Why, then, do we persist in the indulgence of such an antiquated and unnecessary mode of time-telling? Perhaps it is out of some nostalgic sentimentalism? Such inclinations are all well and good, but only insofar as they don’t involve the forcible participation of everyone around you. I am reminded of a quip I heard about religion: ‘Religion is like a penis; it’s fine to have one, and it’s fine to be proud of it, but please don’t whip it out in public and start waving it around’...

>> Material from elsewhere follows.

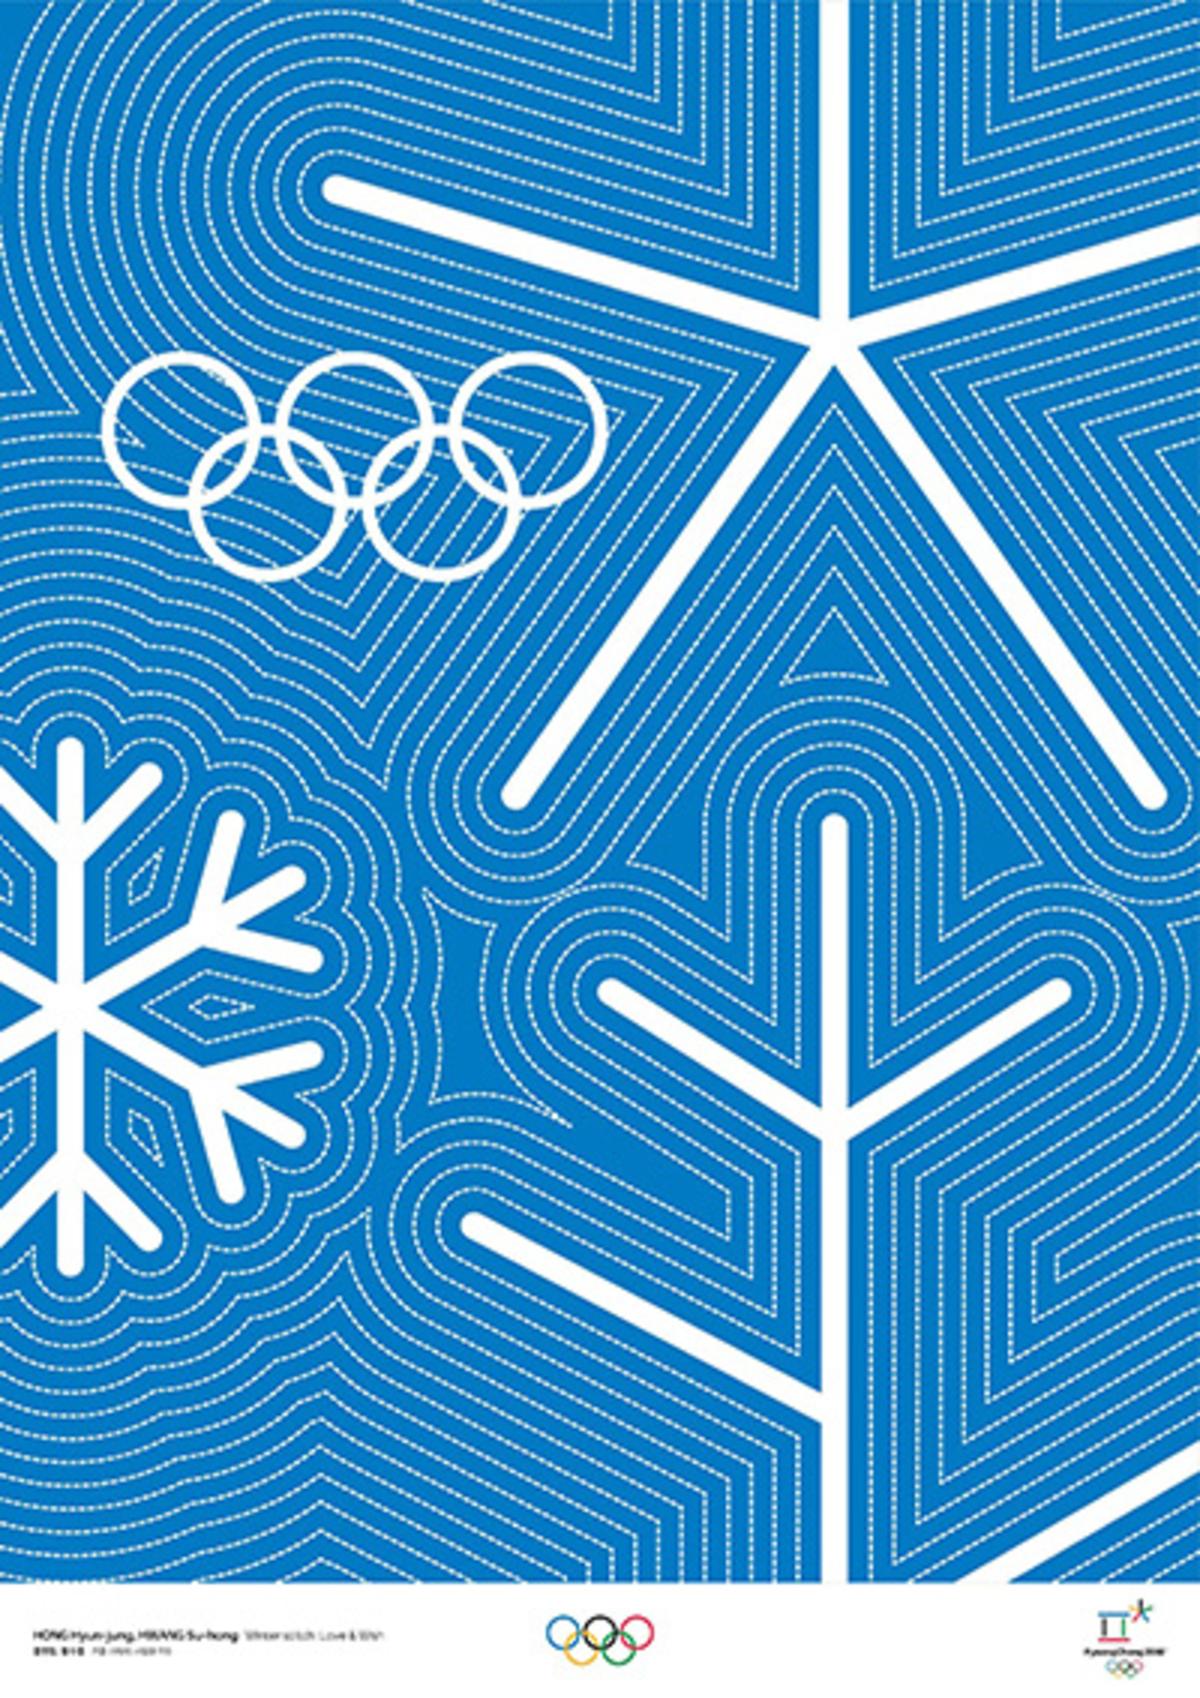 Plakat med grafisk illustrasjon i blått og hvitt av snøkrystaller etc.
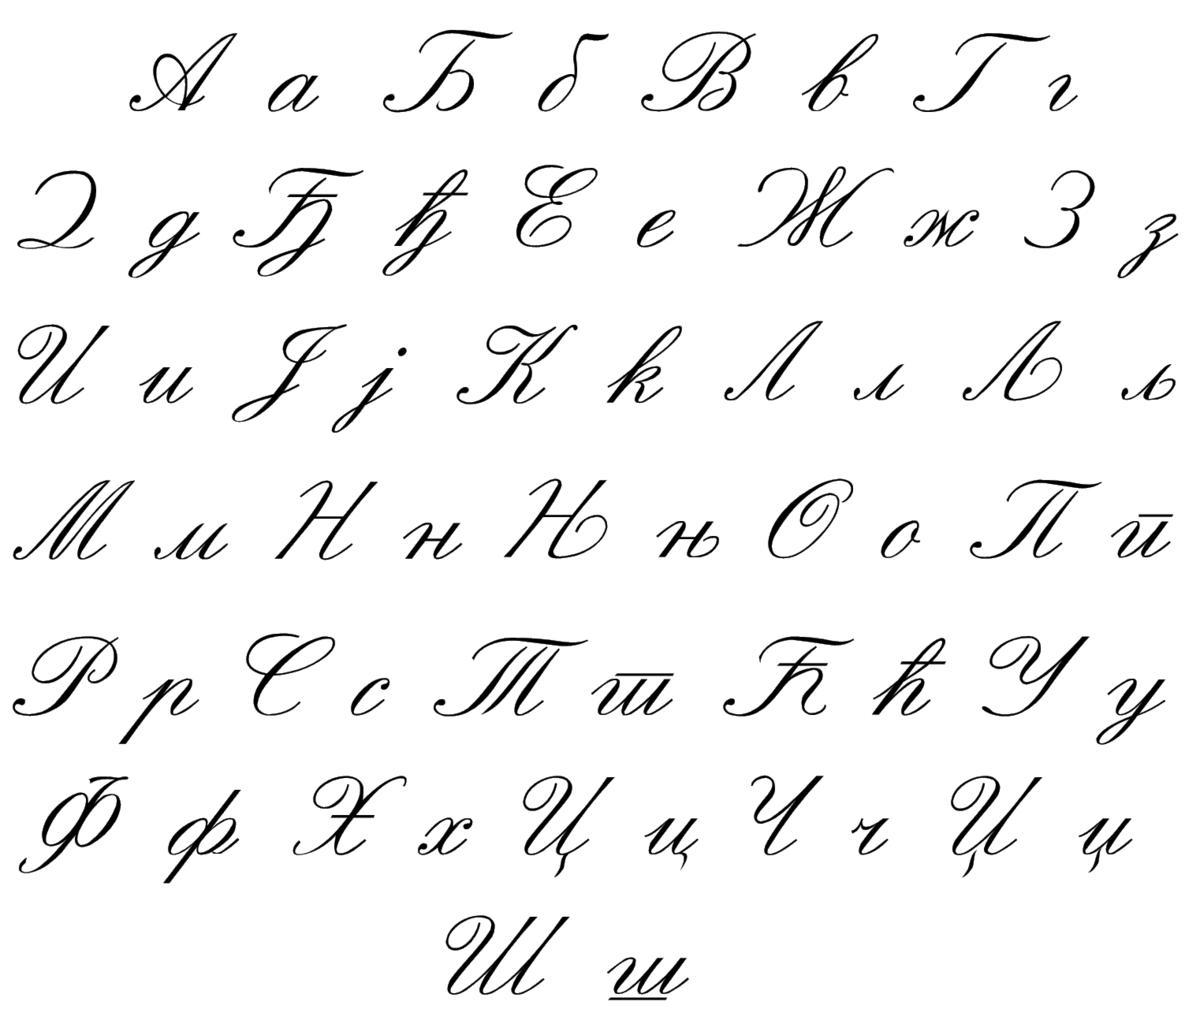 Красивый шрифт алфавит русских букв для открытки, чмоки открытка стихи

Indeed, to follow this line of thought, the disquieting truth of the matter quickly begins to unravel when we consider who it is that owns and operates the bells and clock towers. That’s right – the Church. In every village, town, and city, the Church wields a monopoly on bells, and has therein surreptitiously garnered itself an unwitting captive audience – that is, anyone with ears. It hardly seems a coincidence that we find such an instrument in the hands of people whose livelihood entails in large part reminding us of our fallen state.

Using bells to tell the time, then, is little more than a horological ruse for the subliminal delivery of ecclesiastical didacticism. Certainly, the more discerning (or agitated) ears will hear in the ringing of the hours their true, ominous purpose: an over-eager, anticipatory knell to perpetually herald our impending demise.

In light of this revelation, the quip that ‘religion is like a penis’ takes on an even greater congruity. I’m sure you don’t need me to explain the pertinence of clock towers to a comparison between religion and penises… But just as clock towers sound off unnecessarily, so will I deign to indulge: if the church is the ‘body’ of Christ, then the church clock tower is, without a doubt, his raging, ringing erection in anticipation of judgement day. And then will all the bell-ignoring heathens find their just punishment in the fire and brimstone.